= Peters Beach =

Peters Beach or Peter Beach is a former barrier island located on the Jersey Shore of the Atlantic Ocean in Atlantic County, New Jersey, United States. It is now a part of Brigantine Island.

==Geography==
Peter Beach is on the southwestern portion of Brigantine Island, adjacent to St. George's Thoroughfare. It forms a section of Brigantine City.

Formerly a separate island, it was described in 1834 as,

on the Atlantic ocean, Galloway t-ship, Gloucester co., at the mouth of Absecon Inlet, and between it and Quarter Inlet.
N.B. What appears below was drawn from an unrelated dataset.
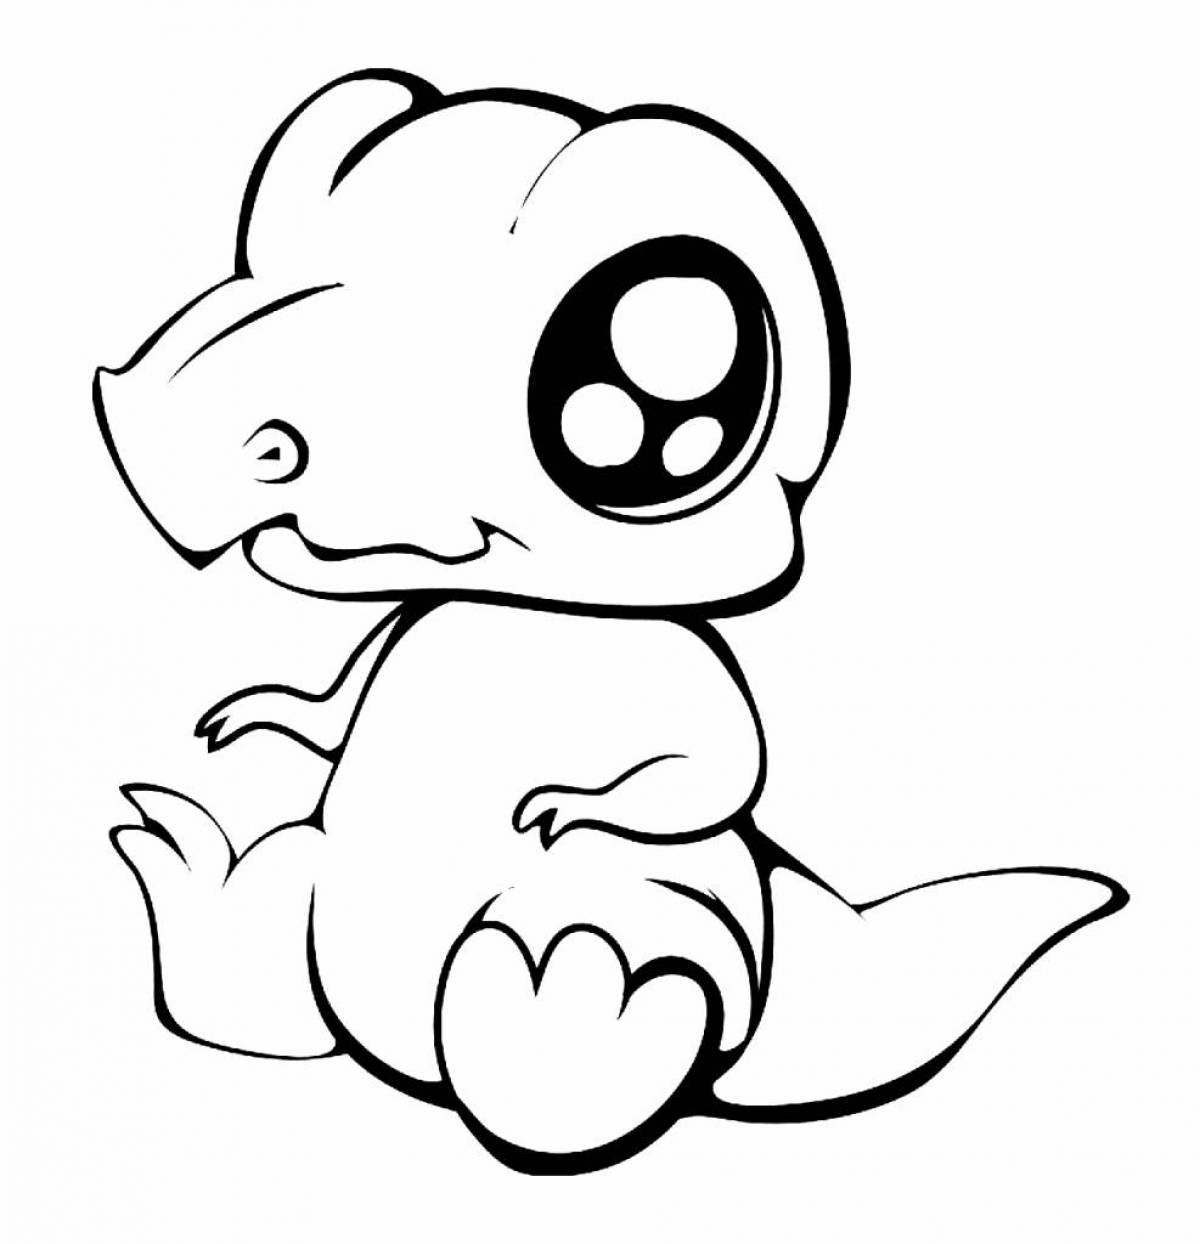 Cute coloring pages cute animals

Although Peters Beach measured about 1.5 mi between inlets in 1828, by 1878 erosion had taken its toll, viz.,

Peters Beach is a small sandhill island, of only a few acres, lying inside of Brigantine Beach and near Absecon Inlet. Brigantine Beach has evidently made outside of it in the course of many years, and inclosed it, as Long Beach has more recently done with Short Beach.
In Gordon's map, 1828, Peters Beach is represented as lying between Quarter's Inlet and Absecon Inlet, and in a line with Brigantine and Absecon Beaches.

By 1904, Quarters Inlet had taken on an "S" shape, curving in front of Peters Beach and separating it from Brigantine Island. Now known as Quarter Channel, it no longer connected directly with the ocean, but with Absecon Inlet.
By 1940, Quarters Channel had closed up, completing the connection with Brigantine Island.